• [INPUT RECORDS]
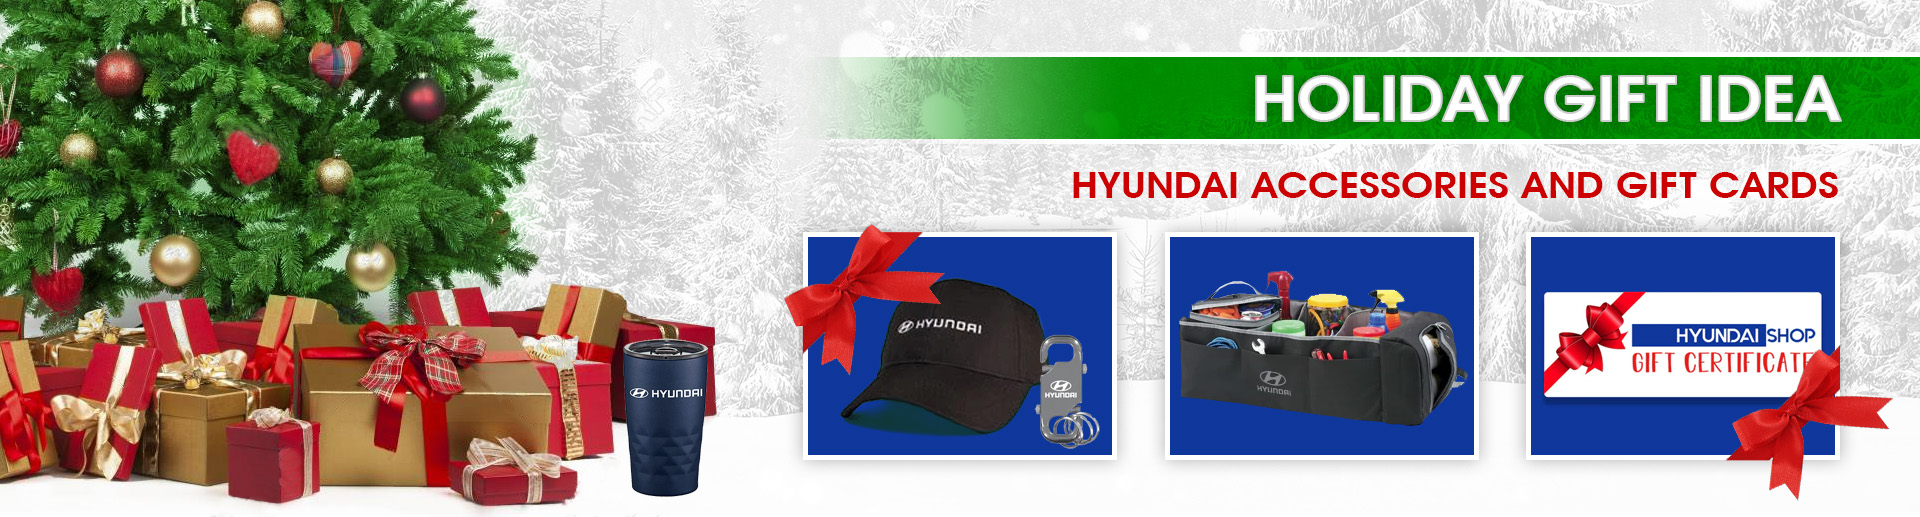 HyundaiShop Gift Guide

...

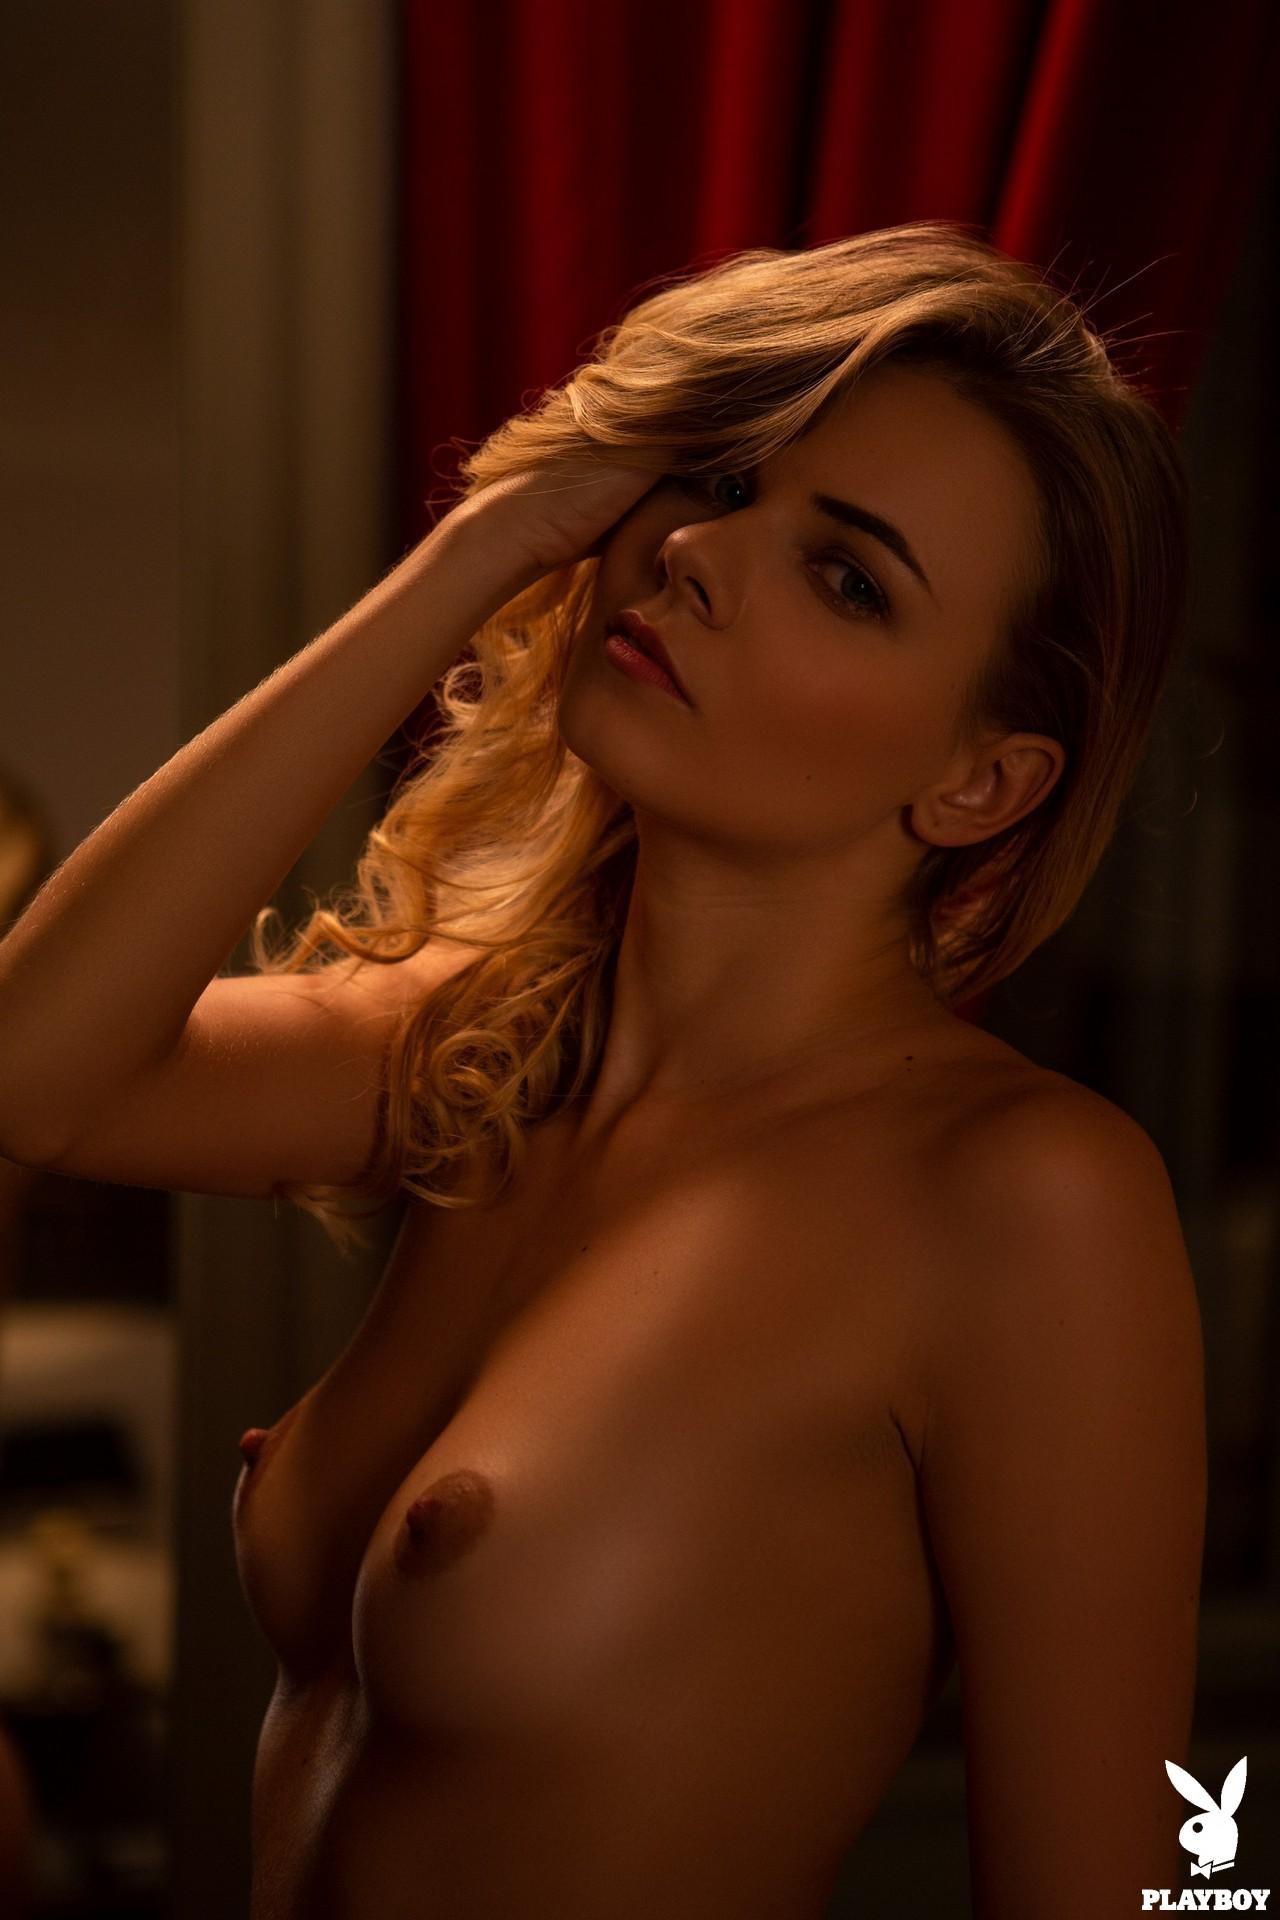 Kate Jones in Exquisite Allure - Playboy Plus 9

* * *

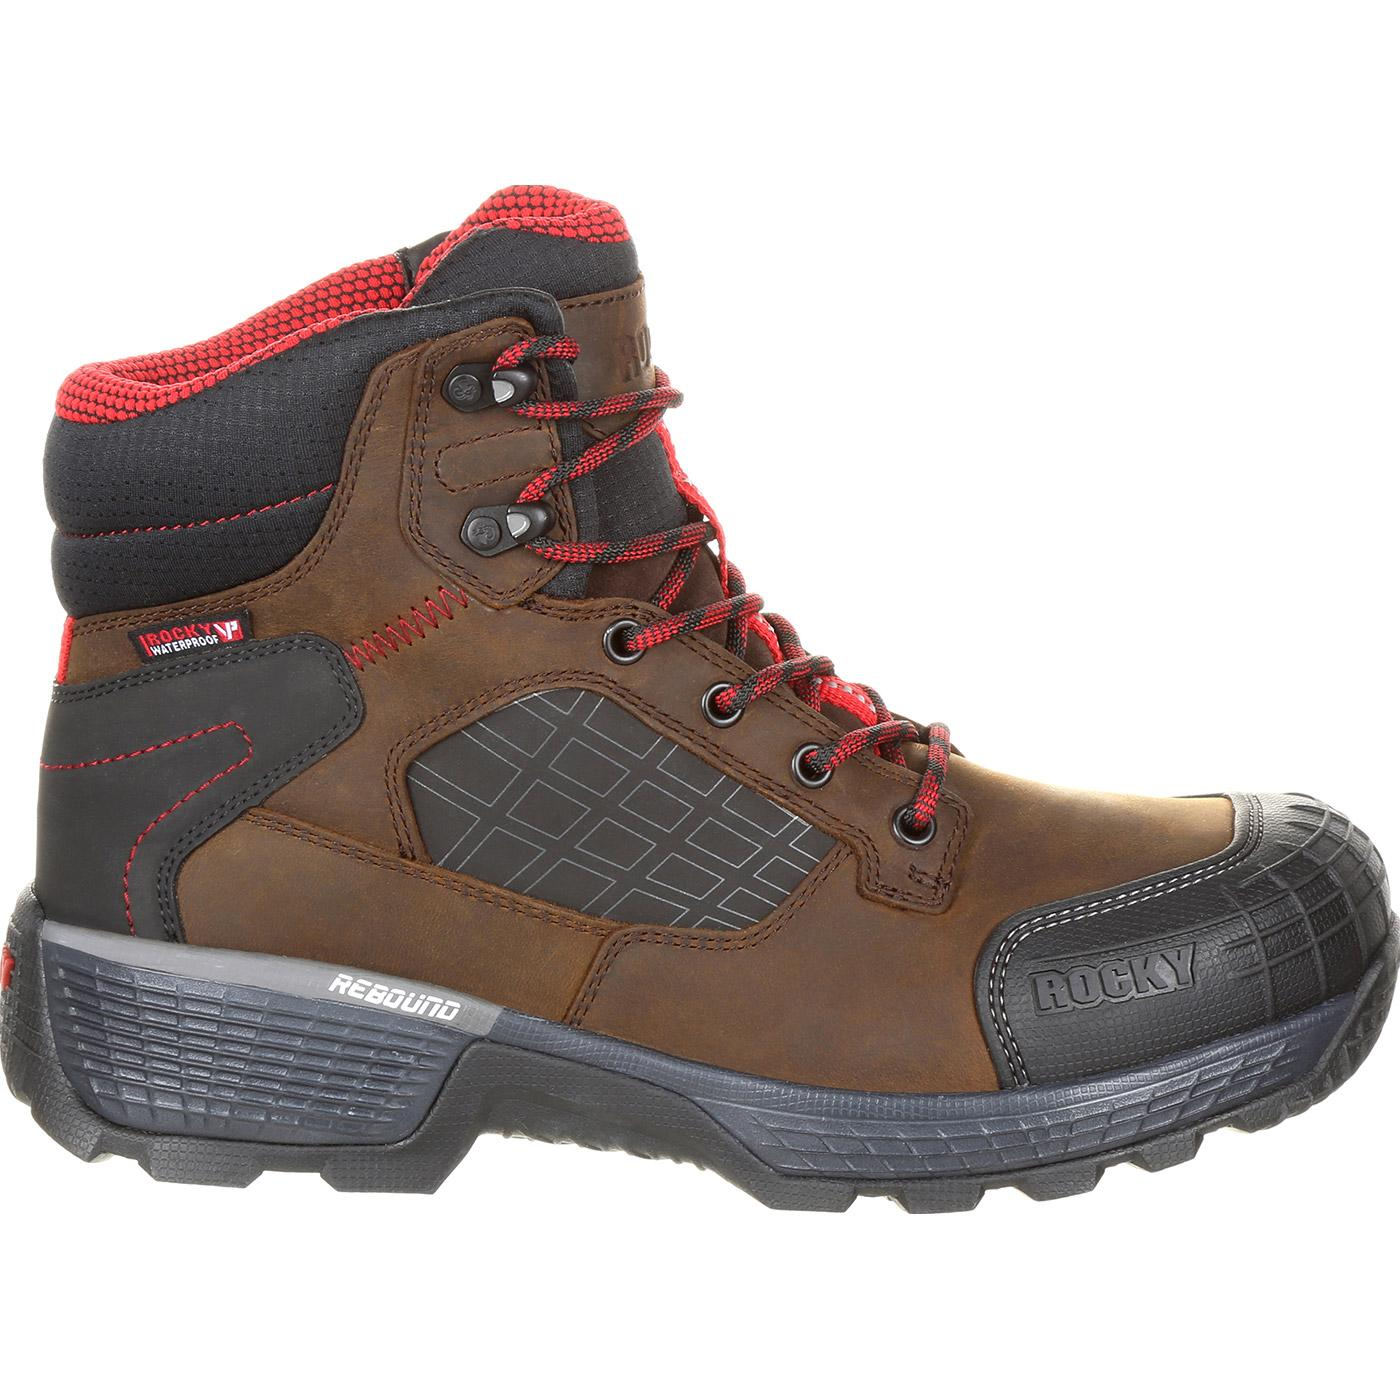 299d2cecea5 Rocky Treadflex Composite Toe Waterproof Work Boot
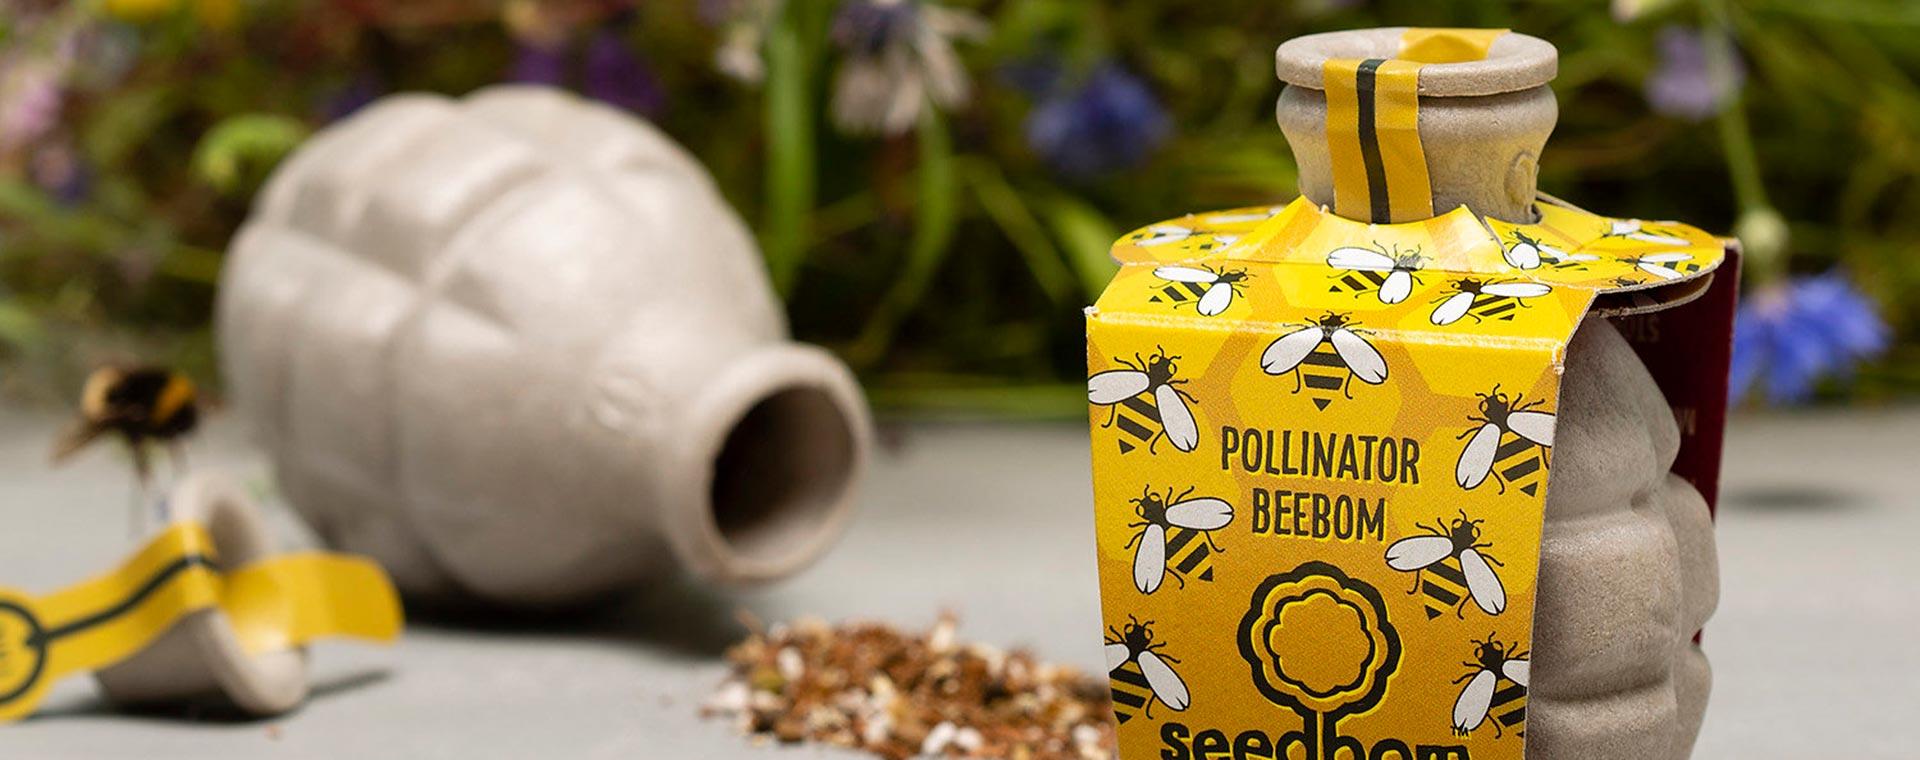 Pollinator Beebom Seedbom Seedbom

• [ASSIGNMENT]
Reproduce exactly the lines above starting at the line containing "299d2cecea5 Rocky Treadflex" and ending at the line containing "Pollinator Beebom Seedbom Seedbom", including both, but not the pictures.

• [THE COMPLETED TASK]
 299d2cecea5 Rocky Treadflex Composite Toe Waterproof Work Boot
 Pollinator Beebom Seedbom Seedbom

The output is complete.